寒风卷着细雪,打在脸上生疼。远处宫墙外,隐约传来战马的嘶鸣和人群的喧嚣。
“陛下,”一个中年宦官小跑着跟上来,是内常侍韩全晦——杨复恭的心腹之一,神策军右军中尉,此刻脸上堆着忧色,“李节帅使者已在门楼下等候,言辞颇为……不恭。依老奴看,不如由老奴先去安抚……”
“不恭?”李晔脚步未停,侧头看了他一眼,目光平静,“是使者不恭,还是李茂贞不恭?”
韩全晦一噎,讪讪道:“自然、自然是那使者无状……”
“那就是了,”李晔淡淡道,“既是他无状,朕为何要避?”
韩全晦还想再劝,李晔已转过回廊,前方豁然开朗。
朱雀门下,黑压压跪了一片官员。宰相杜让能、崔胤等人在前,身后是六部九卿。而在门洞之外,站着十余名身着明光铠的军士,个个腰挎横刀,神色倨傲。为首一人,是个络腮胡子的中年将领,披着黑貂大氅,手按刀柄,正斜眼打量着宫门内跪伏的百官。
见到皇帝仪仗,那将领不跪不拜,只是微微躬身,抱拳道:“末将凤翔押衙刘知俊,奉我家节帅之命,问陛下安。”
此言一出,门内百官脸色都变了。
问安?有带兵堵在宫门外问安的吗?
李晔停下脚步,站在门楼阴影下,目光落在刘知俊脸上。
刘知俊。这名字他记得。历史上,此人是李茂贞麾下悍将,骁勇善战,后来叛离凤翔,先后投靠朱温、王建,最终被王建所杀。是个反复无常的勇将,但此刻,他只是李茂贞派来示威的一条恶犬。
“刘将军,”李晔开口,声音不高,却清晰地传遍寂静的广场,“李节帅派你带兵入京,是来护卫先帝灵寝,还是来给朕……问安的?”
刘知俊愣了一下,显然没想到新君会这么直接。他挺直腰板,朗声道:“自然是来问安!只是,前些时日,长安附近有流寇作乱,末将恐惊了圣驾,故带兵护卫。再者——”

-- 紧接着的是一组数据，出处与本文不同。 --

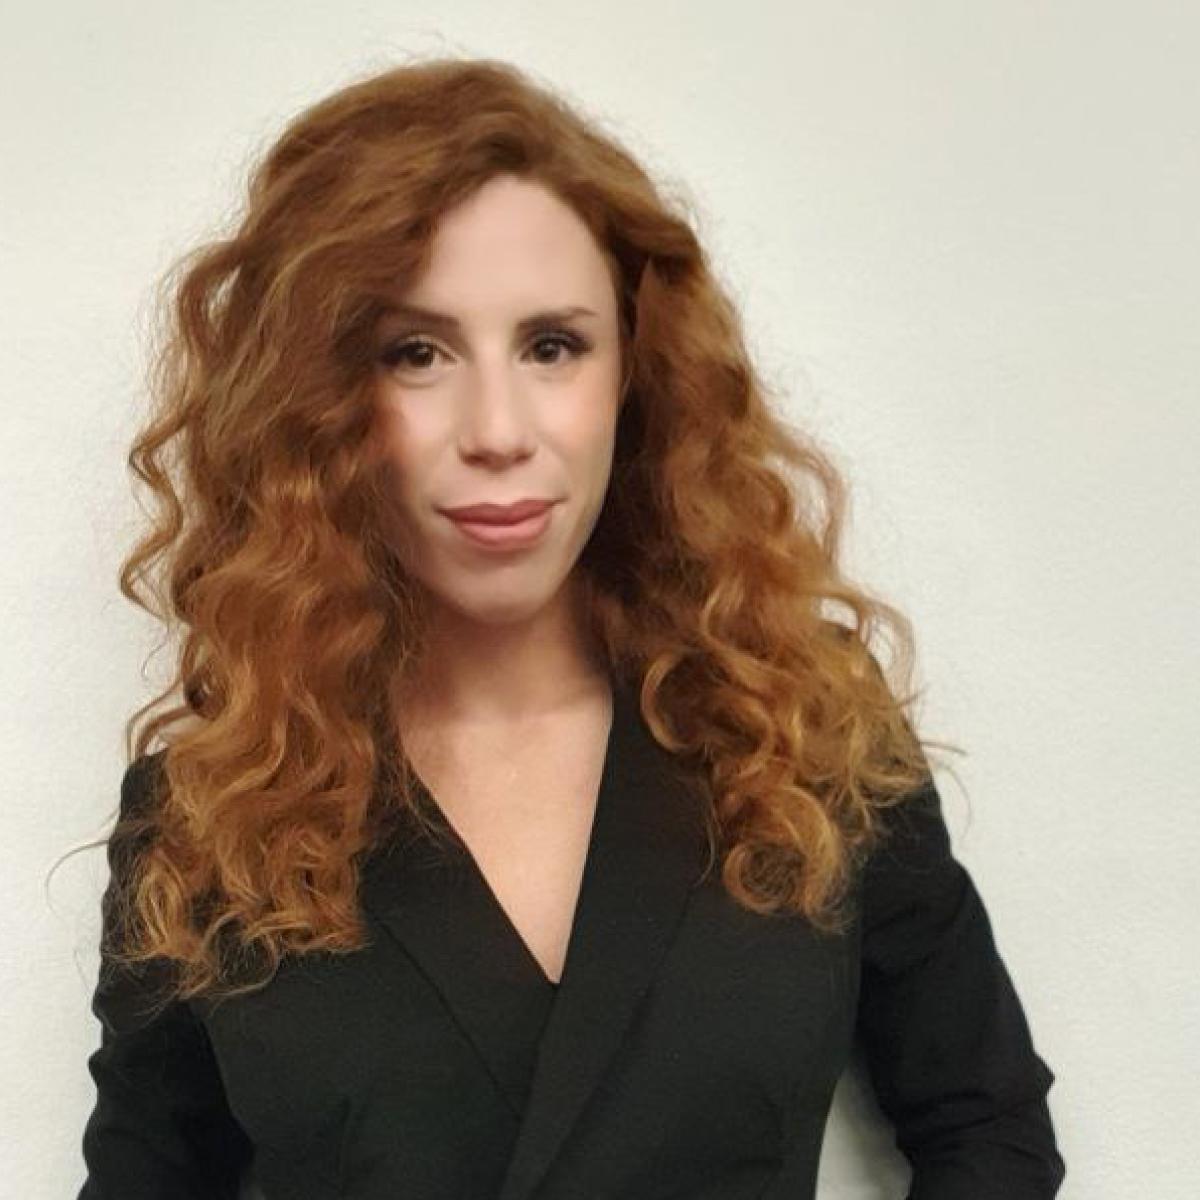 Giorgia Perisano

他顿了顿,脸上露出几分讥诮:“我家节帅为朝廷镇守西陲,劳苦功高。可今年朝廷赐下的春衣、赏钱,却比河东李克用少了三成!节帅心中不安,特遣末将来问一句:陛下登基,莫非是要薄待功臣?”
话音落下,门内百官中响起压抑的抽气声。
这是赤裸裸的质问,是威胁!什么春衣赏钱,分明是索要更多钱粮,顺便试探新君的态度。
李晔沉默了片刻。
雪花落在他肩头,融化在黑色的衣料上,留下深色的水渍。他能感觉到身后韩全晦等人投来的目光——有担忧,有幸灾乐祸,有冷漠的旁观。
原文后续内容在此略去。